The XAG/USD is currently flirting with the 100-day simple moving average (SMA), which, if decisively broken, would open the way for a near-term advance. In the meantime, oscillators on hourly charts remain bullish and have only begun to move into the positive zone on the daily chart. This, in turn, increases the likelihood of a future breach of the aforementioned barrier.

 

The XAG/USD pair might then attempt to exceed the $20.00 psychological level and climb toward the next significant barrier near $20.50. Bulls might then attempt to retake the $21.00 round-number level. This corresponds to the 200-day exponential moving average, above which the momentum might finally drive spot prices back to the monthly swing high, around $21.25.

 

On the other hand, the $19.20 region appears to protect the immediate downside ahead of the $19.00 level and the 200-hour simple moving average, which is currently in the $18.80 zone.

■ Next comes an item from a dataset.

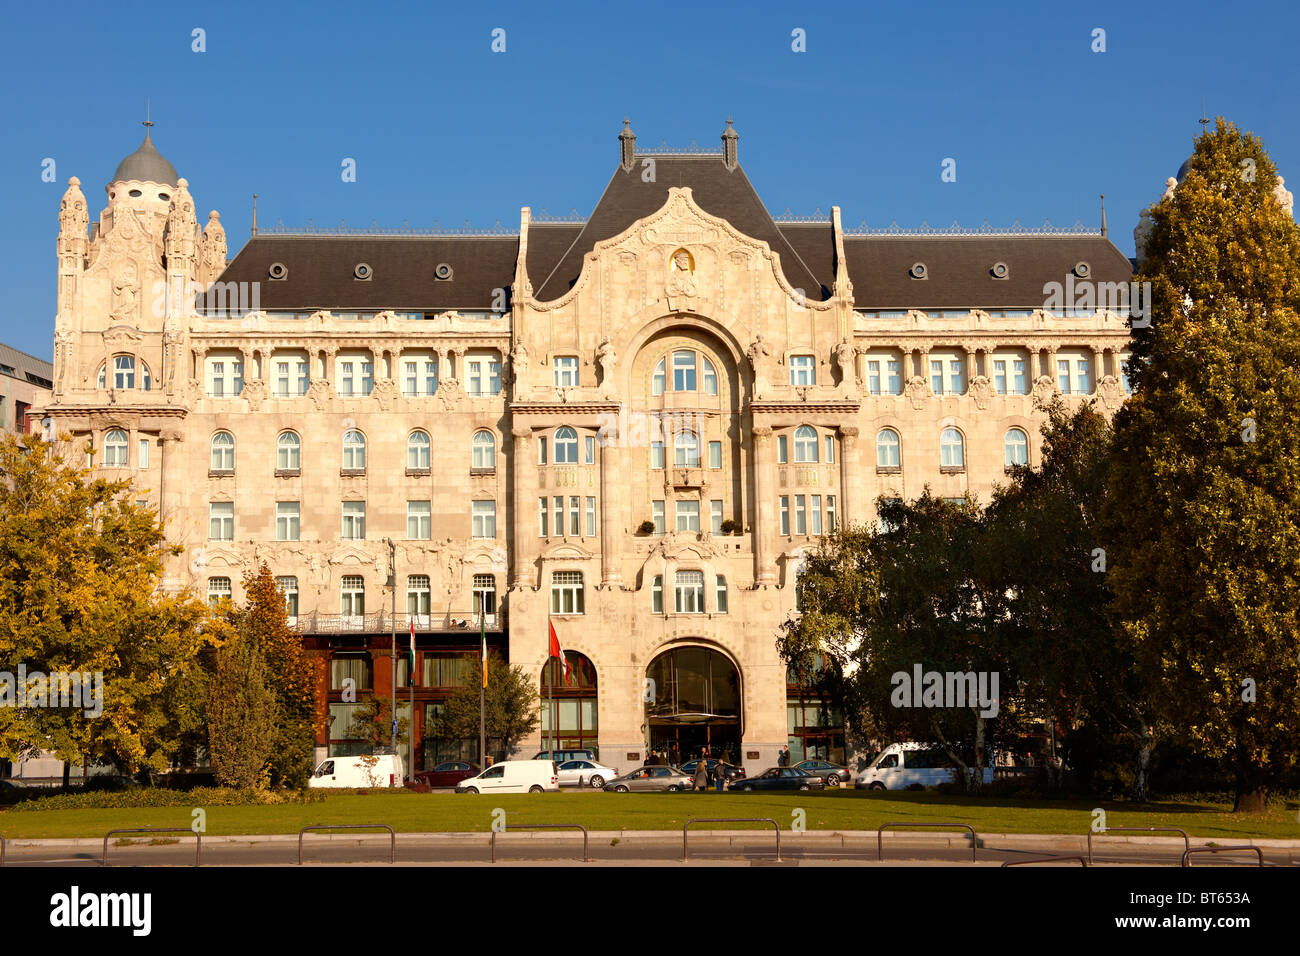 Hôtel des 4 saisons de l'Art Nouveau, Gresham Palace Budapest, Hongrie Banque D'Images

A convincing breach below could prompt some technical selling and make the XAG/USD susceptible to accelerate the decline towards the $18.30-$18.25 intermediate support en route to the next crucial level near $18.00.

 

Failure to defend the latter will nullify any near-term bullish bias and return the bias to favor bearish traders. The continuing decline has the potential to bring the XAG/USD pair closer to its September low of $17.55 for the year. The decline might extend to the next significant support near the $17.00 round-number mark.